For a list of all iNaturalist metadata and deinfitions, visit: https://www.inaturalist.org/terminology <br>

To obtain Species taxon ID numbers (More accurate than relying on common names), search the species name and obtain the taxon ID from the URL: https://www.inaturalist.org/observations (The same instructions apply to the place ID too)

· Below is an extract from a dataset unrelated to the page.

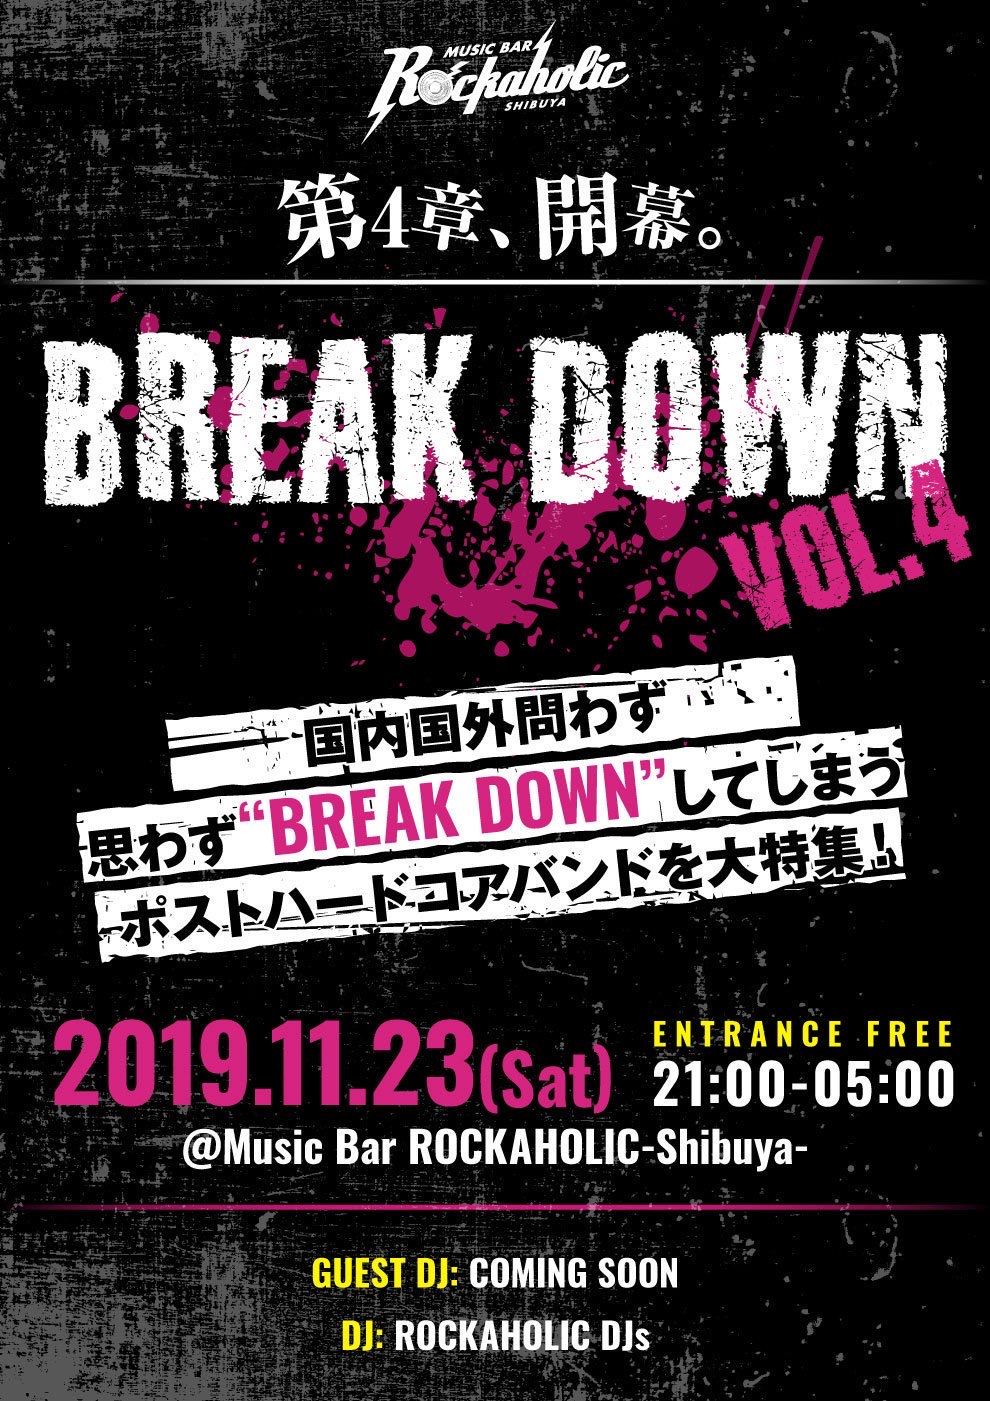 https://bar-rockaholic.jp/shibuya/blog/3A905BCB-0E53-4BA0-902D-FED5441EC72A.jpeg
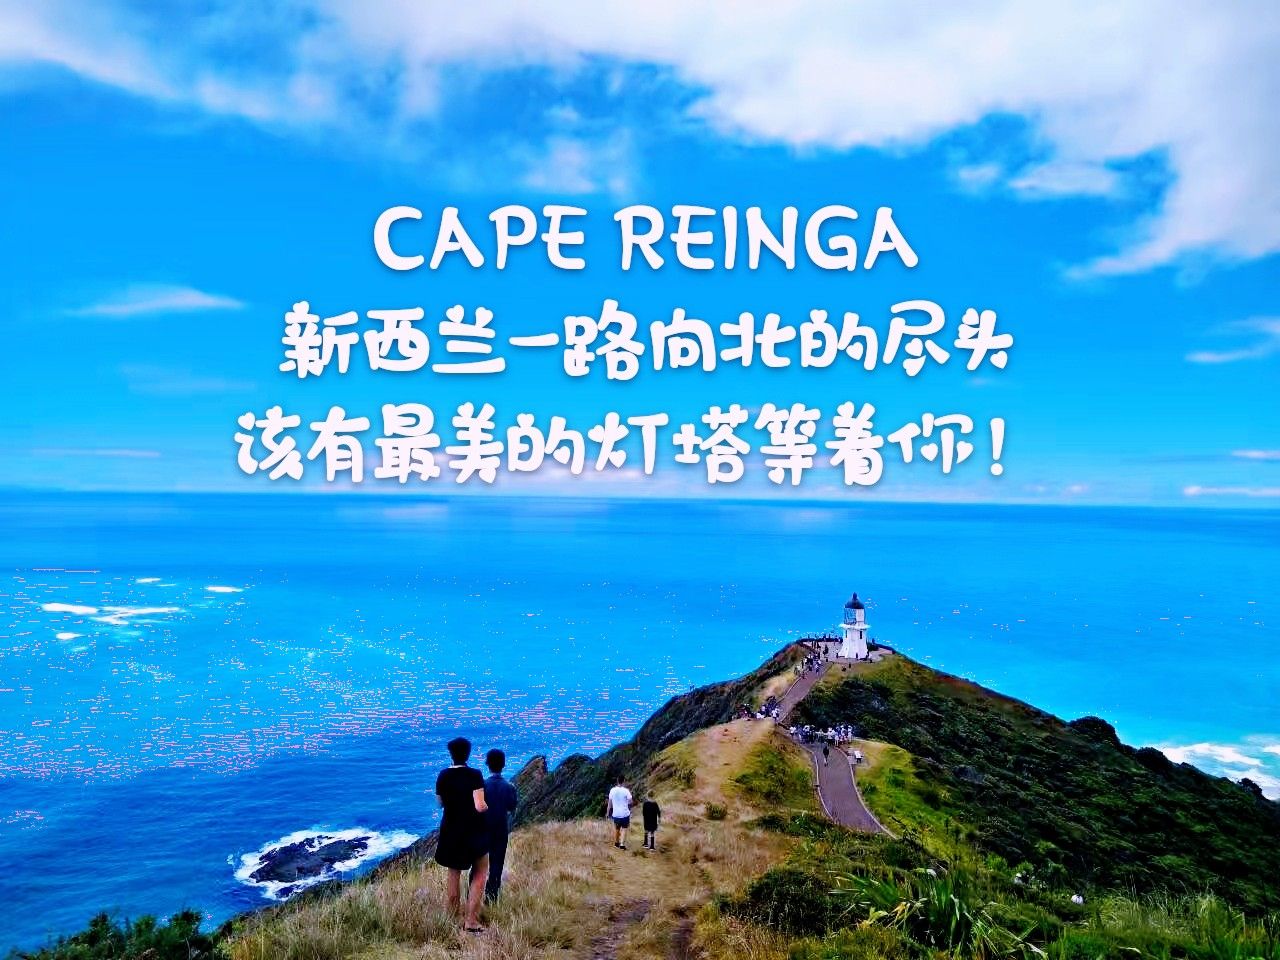 Cape Reinga，因为北望角的缘故，严格意义上并不是新西兰的最北部，但它的确是整个新西兰公路最

For a list of all functions and options in the observations, we can ask for help()

In [None]:
help(get_observations)

Really cool sample data available on Github! : https://github.com/pyinat/pyinaturalist/tree/main/examples/sample_data

Obtain all observations of New Jersey's largest native species of moth, the Cecropia Moth, in the year 2024:

![PICTURE](moth.png) 
Observation from Stockton University: https://www.inaturalist.org/observations/163097321

In [None]:
# Set the parameters we want to obtain the Cecropia Moth in New Jersey in the year 2024:
params = {
    'taxon_id': 81582,     # Cecropia Moth (Instructions to obtain ID's above)
    'place_id': 51,        # New Jersey (Instructions to obtain ID's above)
    'year': 2024,
    'per_page': 100        # 100 results per request/page
        }

all_obs = []
page = 1

while True:
    print(f"Getting_observations page {page}...")
    response = get_observations(**params, page=page)
    results = response.get('results', [])

    if not results:
        print("No more observations.")
        break

    for obs in results:
        obs_id = obs.get('id')
        all_obs.append({
            'id': obs_id,
            'species': obs.get('species_guess'),
            'observed_on': obs.get('observed_on'),
            'place': obs.get('place_guess'),
            'user': obs['user']['login'] if obs.get('user') else None,
            'latitude': obs['geojson']['coordinates'][1] if obs.get('geojson') else None,
            'longitude': obs['geojson']['coordinates'][0] if obs.get('geojson') else None,
            'url': f"https://www.inaturalist.org/observations/{obs_id}"  # ✅ Add observation link
        })

    page += 1      # For every 100 observations, form a new page. A new page will form when checking for additional observations too.
                   # There needs to be no observations in a page to continue to the next step of the loop.
    time.sleep(1)  # Be nice to the iNaturalist API connection! I am lucky because I picked a species that I know is rare and does not have
                   # many observations. Without prior background knowledge, this is good to do. The time.sleep() enforces a pause.

# Save to CSV
df = pd.DataFrame(all_obs) # Convert to data frame
print(f"\nTotal Cecropia Moth observations collected: {len(df)}") # Print the length of the data frame

df.to_csv("cecropia_moth_2024_NJ.csv", index=False) # Use pandas to save as .csv file
print("Saved to cecropia_moth_2024_NJ.csv") # Confirm .csv file saved.

**STOP HERE**<br>
- Ensure your .csv file is populated. It will be saved in the same working directory THIS file is in.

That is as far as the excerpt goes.